Es inevitable. Empezar a hacer una especie de recuento, de heridas, de sanaduras, un recuento de errores y al otro lado de la balanza, aciertos. Cada año intento evitarlo, porque no vale para nada, si total, me digo, el año que viene volveré a fracasar y a vencer otras tantas veces, en tantas otras circunstancias, y todo habrá valido la pena, o no la habrá valido en absoluto. Pero no puedo evitarlo.Tengo agendadas algunas comidas y encuentros, con Carla y Elisenda, por ejemplo. Y pretendo, el año que viene, encontrar un buen bar con terraza, sol y periódicos en las mesas para los domingos. He leído menos de lo que debería, como siempre, pero me han acompañado Anna Pacheco y Leila Guerriero estas últimas semanas, y he visto la última de Woody Allen dos veces en el cine, y la de Tarantino, una... y este 2019, sus majestades, me he portado mejor que el Joker, que no es difícil. Acabo el año sin internet en casa, creyendo firmemente que debería tomar más fotos con la cámara y menos con el teléfono. No me he comprado ninguna agenda.

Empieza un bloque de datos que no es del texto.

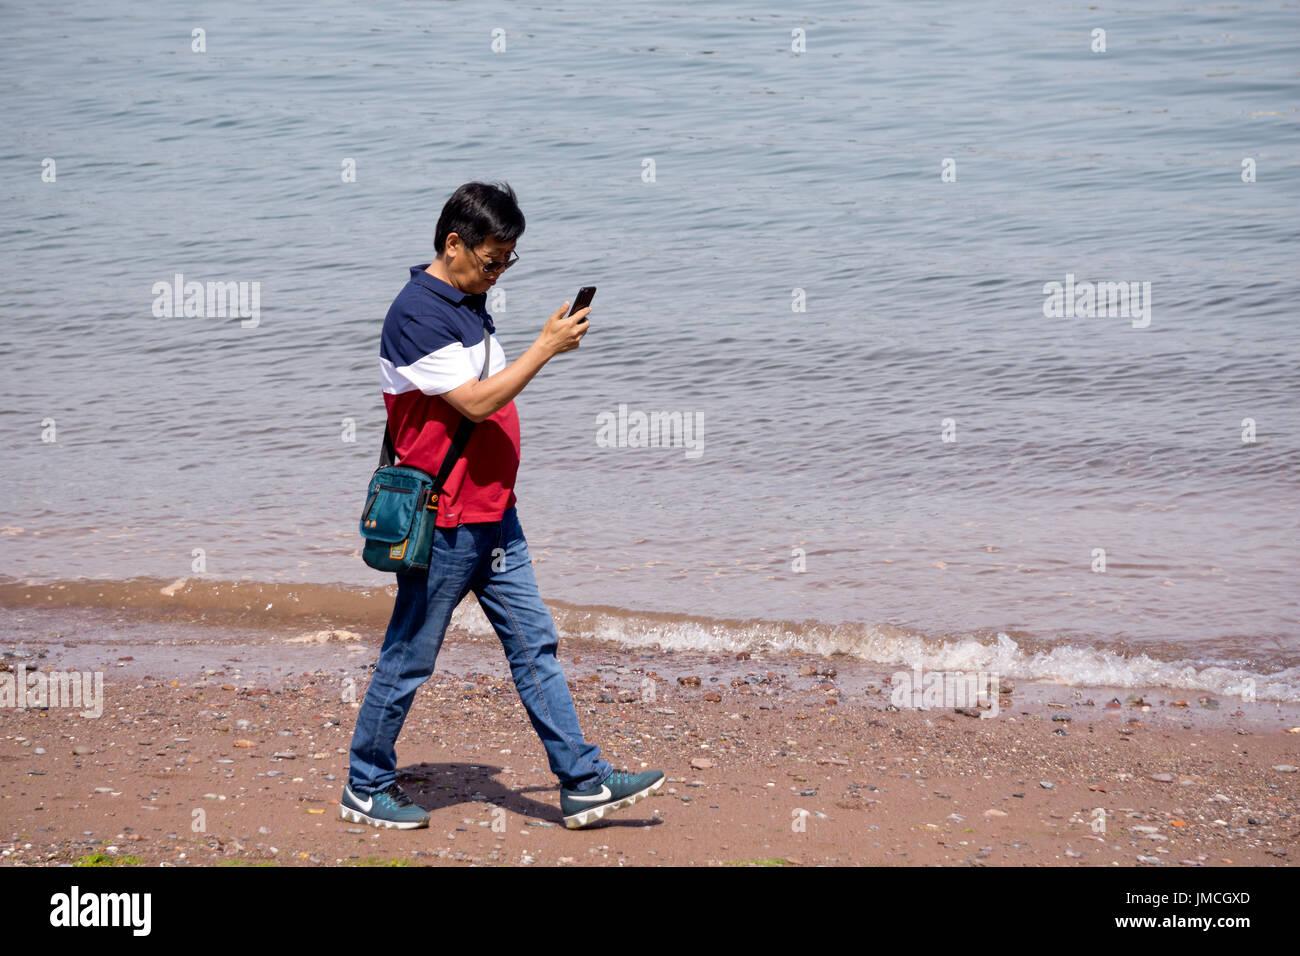 Man walking along the beach looking at his phone - Stock Image

Este año he descubierto a Nathy Peluso, que ha levantado muchos días que tenían tendencias suicidas, y he ido a dos conciertos de Rosalía. Esta es la clásica columna de quien se despide de un año raro, raro de narices, y lo hace con una sonrisa en los labios y el café frío sobre la mesa. Corro en la cinta algunos días, y he vuelto a nadar. Me pongo ropa que no me ponía. Me compro libros, ceno fuera, vuelvo andando a casa. Reescribo una novela. Trabajo, duermo. Tengo ambiciones, sueños, proyectos... y una lavadora que tender. Ya está, se acaba aquí. Y no miento: en estas líneas no está toda la verdad, pero no hay sentimientos falsos. Es lo que recomienda Rodoreda, que sigue conmigo año tras año, año tras año.